Leyden, Lucas van (1494–1533): dutch painter and engraver; met and was influenced by Albrecht Dürer in Antwerp in 1521; allegedly developed a way to etch on copper instead of iron; first to use aerial perspective in prints.

Leyden (Leiden), Joseph Ignaz, Count von (1734–1809): Diplomat, Bavarian emissary to the Imperial Diet, member of the Bavarian Academy of Sciences.

Leyden, Maximilian Count von († 2 March 1807): Son of Joseph Ignaz von Leyden. Member of the commission appointed in February 1802 to oversee secularization of monasteries in Bavaria. From 1805 general commissar of the Bavarian province of Swabia charged with integrating that province into the Bavarian state. Committed suicide in 1807 allegedly because of debts.

Lesay Marnesia, Adrien Comte de (1770–1814): From 1792 student of philology in Göttingen, from 1810 prefect of Strasbourg; translated Schiller’s play Don Carlos.

Lichnovsky, Karl Alois Johann-Nepomuk Vinzenz, Count (1761–1814): From Vienna, where in his youth he probably knew Count Ferdinand Waldstein of Beethovens Waldstein Sonata (opus 53 in C major); both studied at the Royal Academy Theresianum, the military academy in Vienna. From 1776 Lichnovsky studied law in Leipzig, then from October 1780 till 1782—the period during which Caroline apparently made his acquaintance—in Göttingen. When his father died in 1788, Lichnovsky succeeded him as head of the family. Although the family estate was located elsewhere, he spent a great deal of time in Vienna, where his home attracted many important musicians (both he and his wife were musicians). Early patron of Beethoven in Vienna (till about 1807). Later chamberlain at the Imperial Austrian court. Many of Beethoven’s compositions were dedicated to him for his patronage.

Georg_Christoph_Lichtenberg Lichtenberg, Georg Christoph (1744–99): Writer and critic, scientist, professor of experimental physics (the Lichtenberg Dust Figures are named for him). The seventeenth child of a pastor’s family, he was early afflicted by kyphoscoliosus. Studied mathematics, natural history, and astronomy in Göttingen in 1763–66. During a trip to England in 1770 accompanying two English students, he conducted a tour for King George III through the observatory at Richmond upon Thames, impressing the king so much that the latter had Lichtenberg appointed associate professor in Göttingen (from 1775 full professor). He visited England again in 1774–75, becoming acquainting with Georg Forster, James Watt, and Joseph Priestley, among others. In Göttingen he taught physics, mathematics, and astronomy, lecturing on experimental physics every semester, one of the most popular courses (and he one of the most popular lecturers) at the university. In 1777 he took thirteen-year-old Maria Dorothea Stechard as his mistress, then in 1783, after Maria’s death in 1782, Margarete Kellner, marrying Kellner in 1789. His importance in literary history derives from his journalistic endeavors and satirical works, the latter including a castigation of Johann Caspar Lavater’s Physiognomische Fragmente (1778). He edited the Göttinger Taschenkalender from 1778, the Göttingisches Magazin from 1780 with Georg Forster, becoming a prolific master of witty aphoristic writing and satire, which he directed against hypocrisy and pretentiousness in various guises. (Portrait: engraving by J.C. Krueger after a painting by Johann Ludwig Strecker.)

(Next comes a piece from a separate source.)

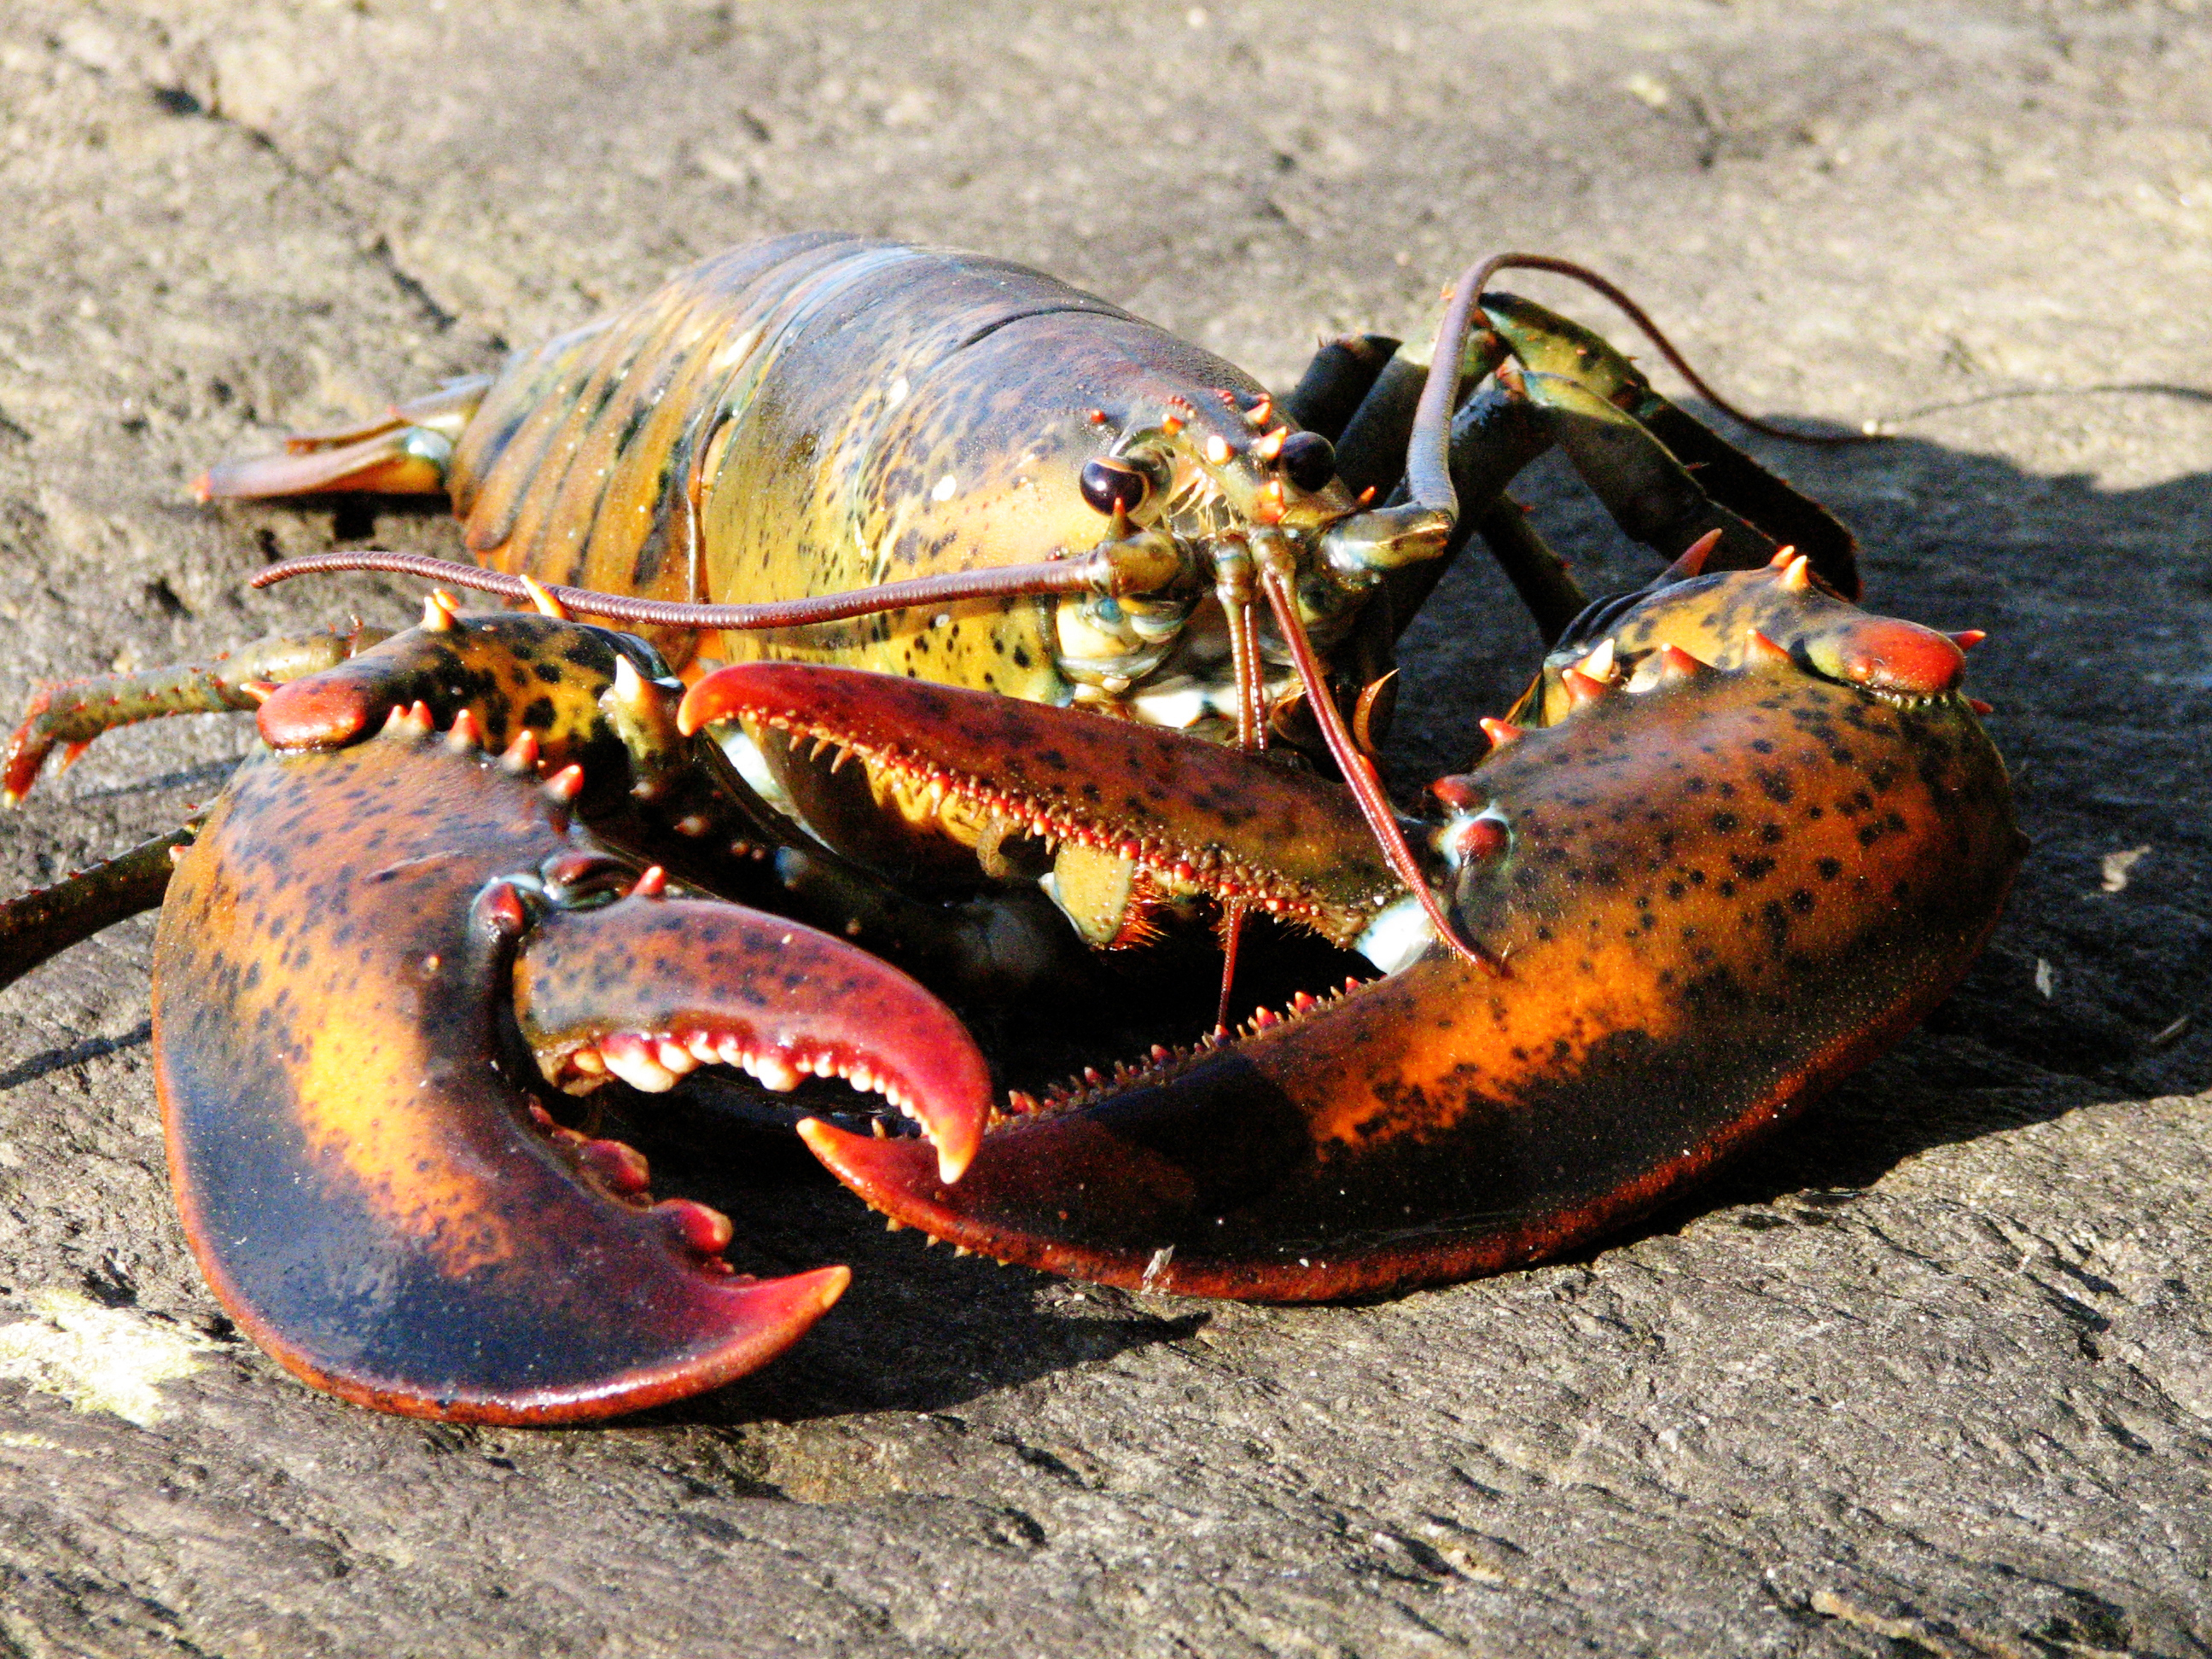 Will HSUS Campaign Against Eating Lobster? - HumaneWatch

Lichtenstein, Karl August, Baron von (1767–1845): Opera singer, composer of singspiele and operas, librettist, translator, theater director in Dessau, Vienna, and Berlin (from 1805). Was raised in Gotha, where his father was a minister. Studied in Göttingen under Johann Nikolaus Forkel, first husband of Meta Liebeskind. From 1798 administrator and theater director in Dessau, whose reputation he developed into one of the foremost in Germany.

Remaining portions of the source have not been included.